#### Work required
Repeat, word for word and with nothing added, each line from the one containing "Senior Homecare Stock Photo Image 30894490" to the final line of the data, keeping both ends. Pictures are not part of the copy.

#### Collected material
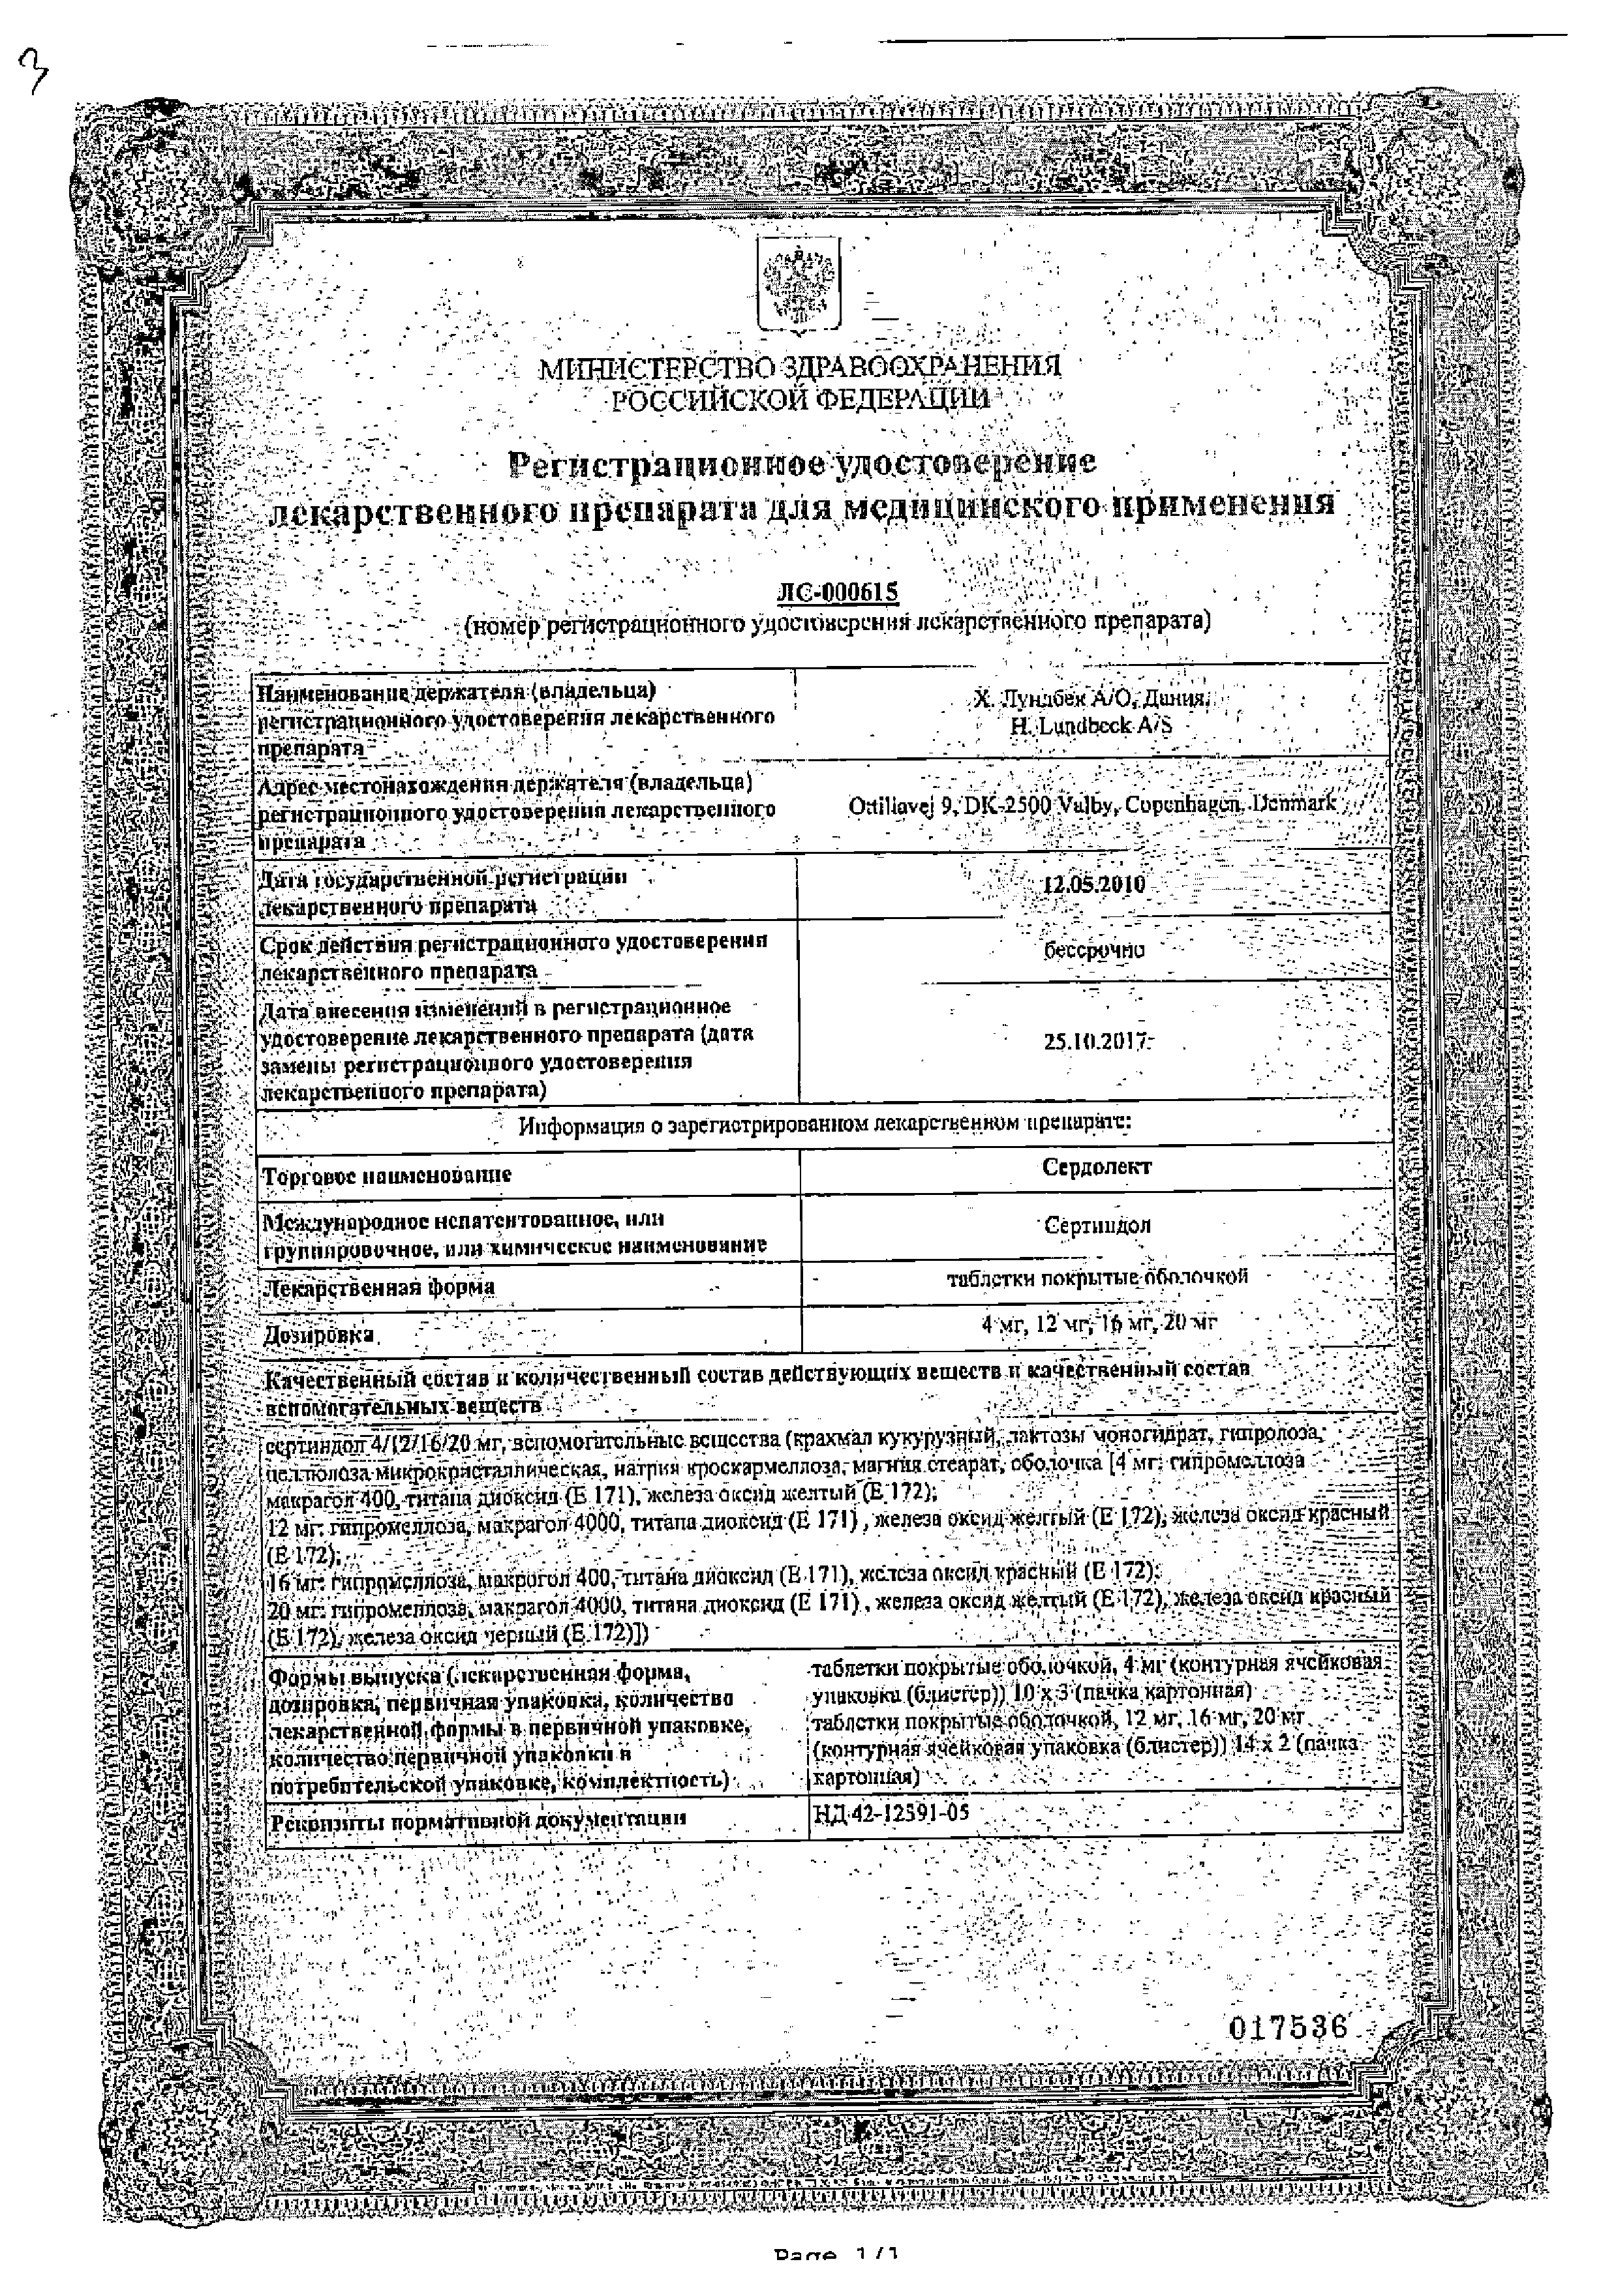 Сердолект сертификат
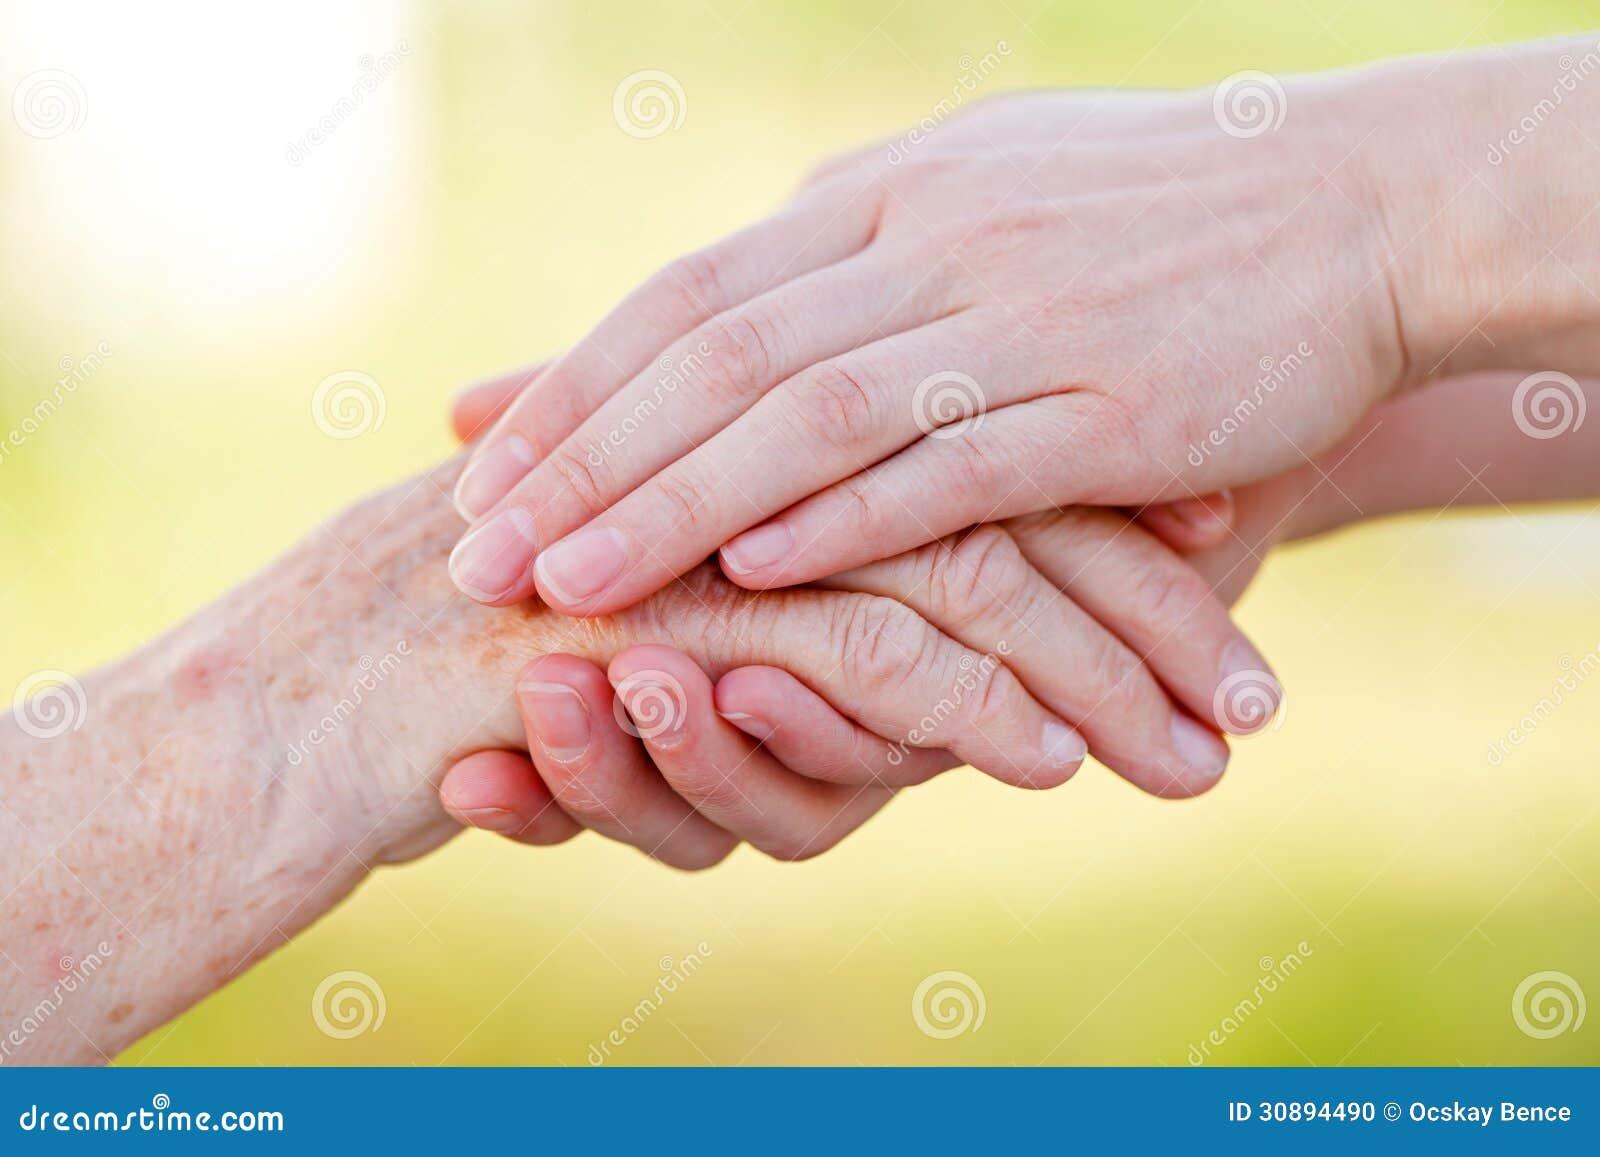 Senior Homecare Stock Photo Image 30894490
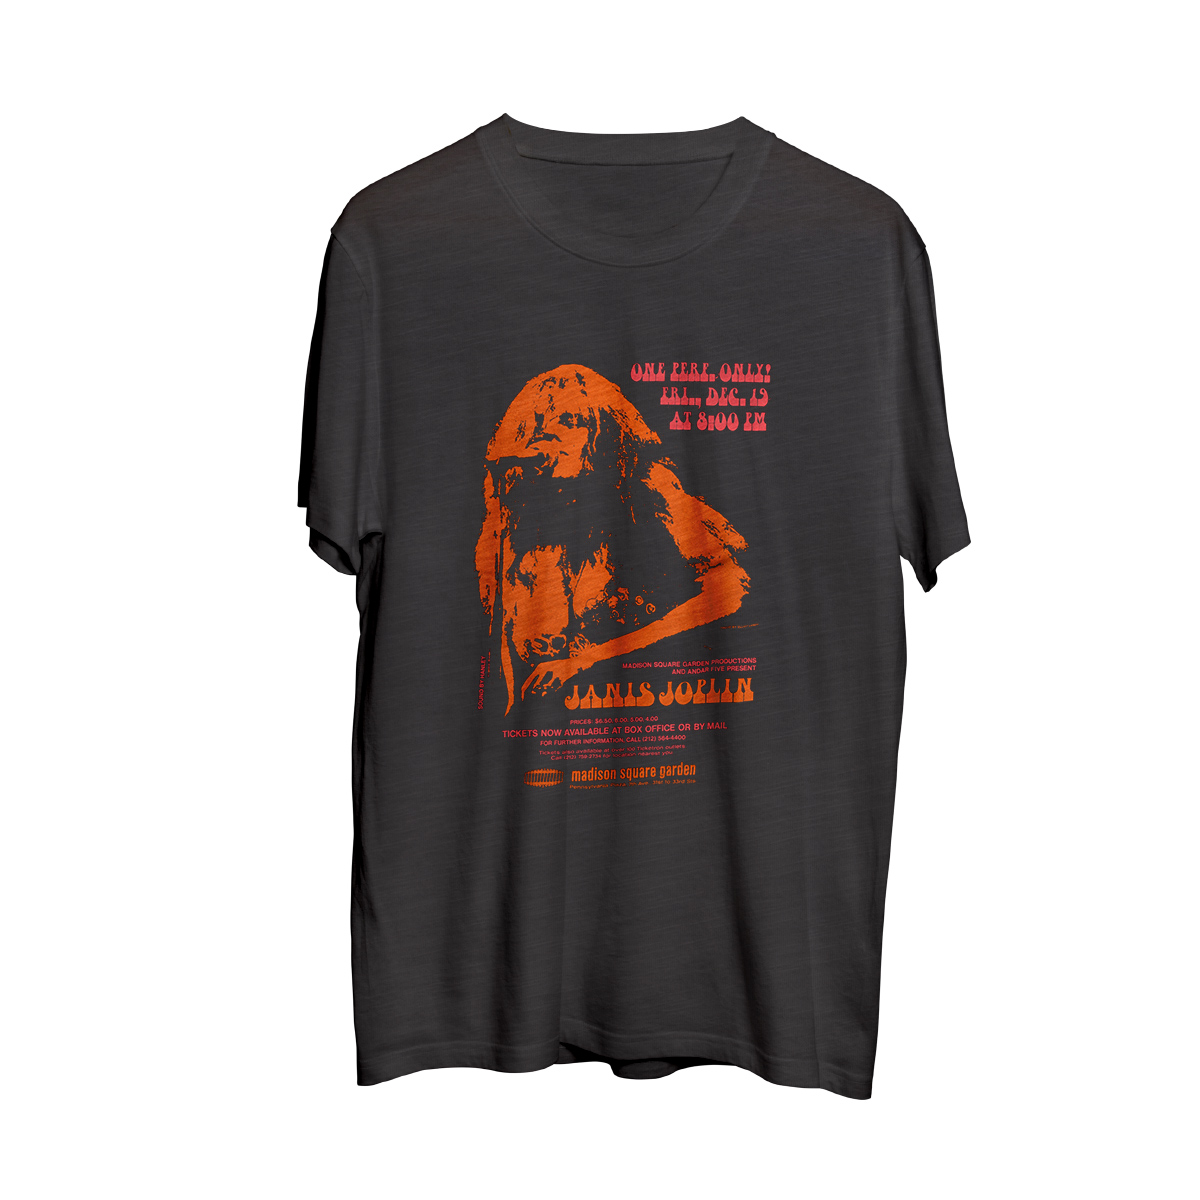 Janis Joplin Madison Square Garden T-Shirt
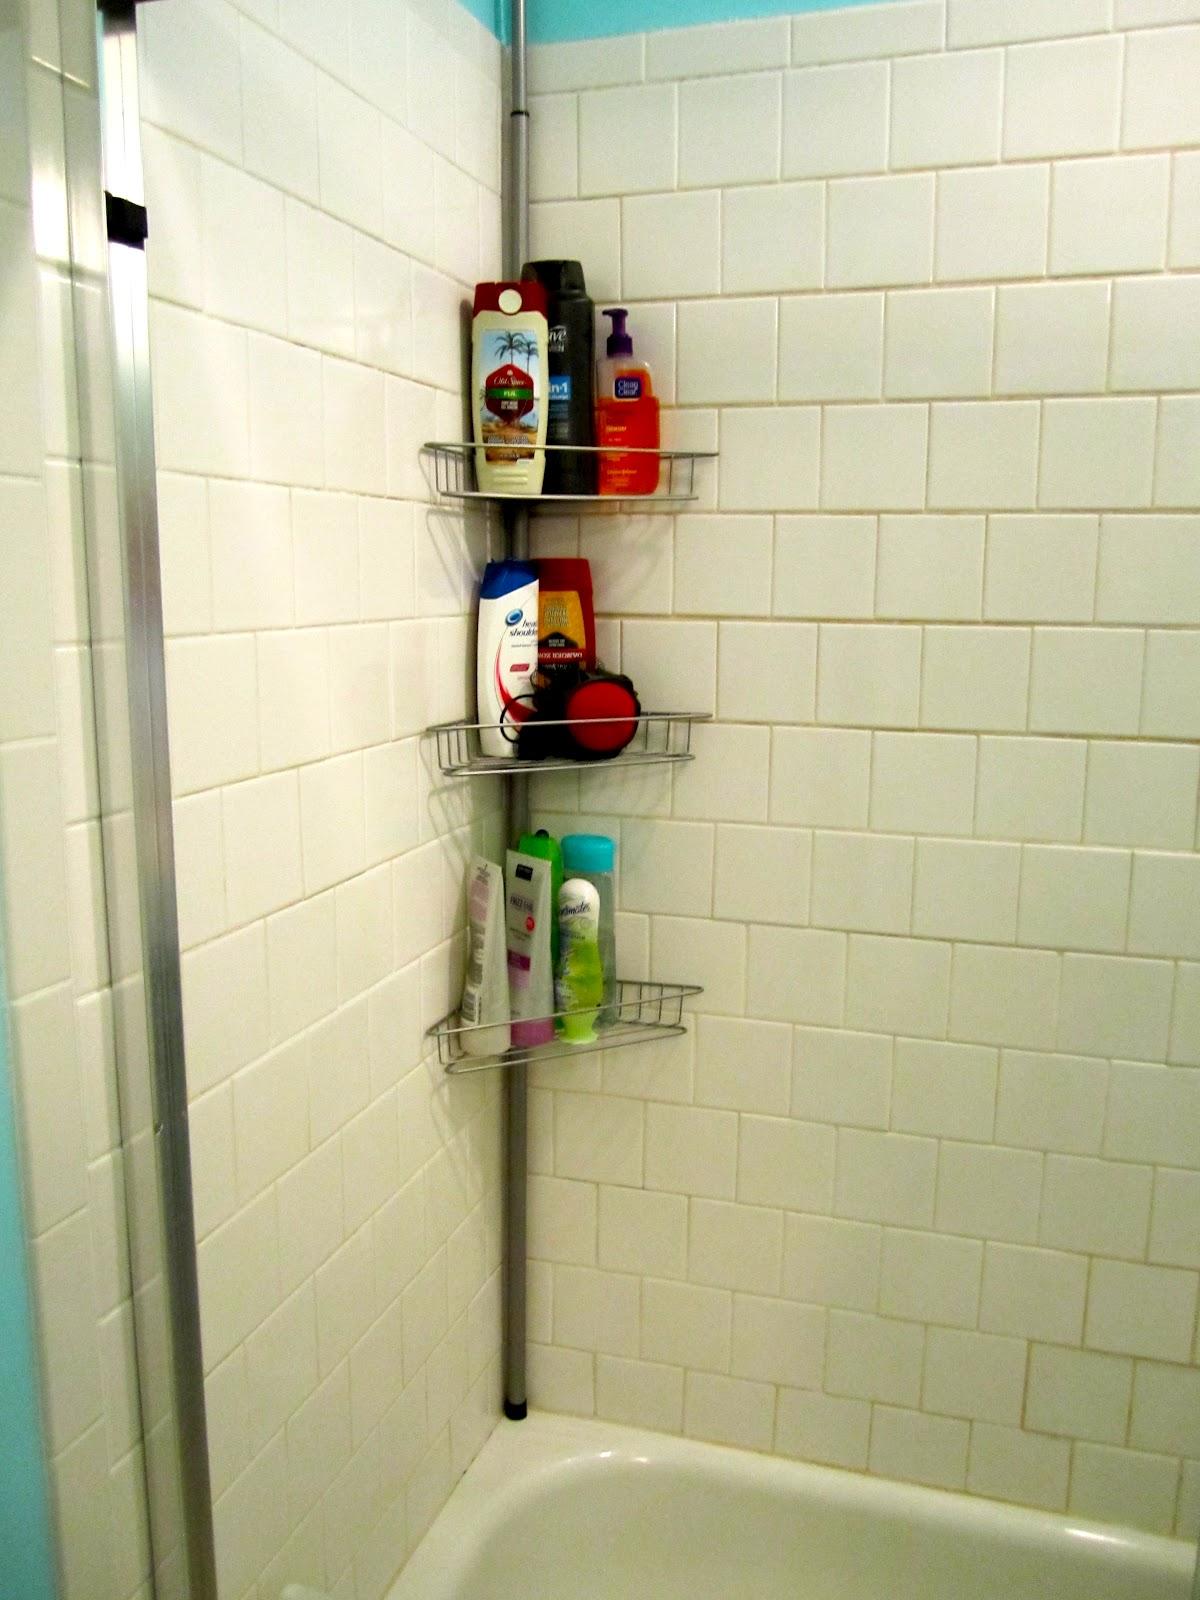 Blairsunderland Blogs Organizing A Cluttered Bathroom

#### Task response
 Senior Homecare Stock Photo Image 30894490
 Janis Joplin Madison Square Garden T-Shirt
 Blairsunderland Blogs Organizing A Cluttered Bathroom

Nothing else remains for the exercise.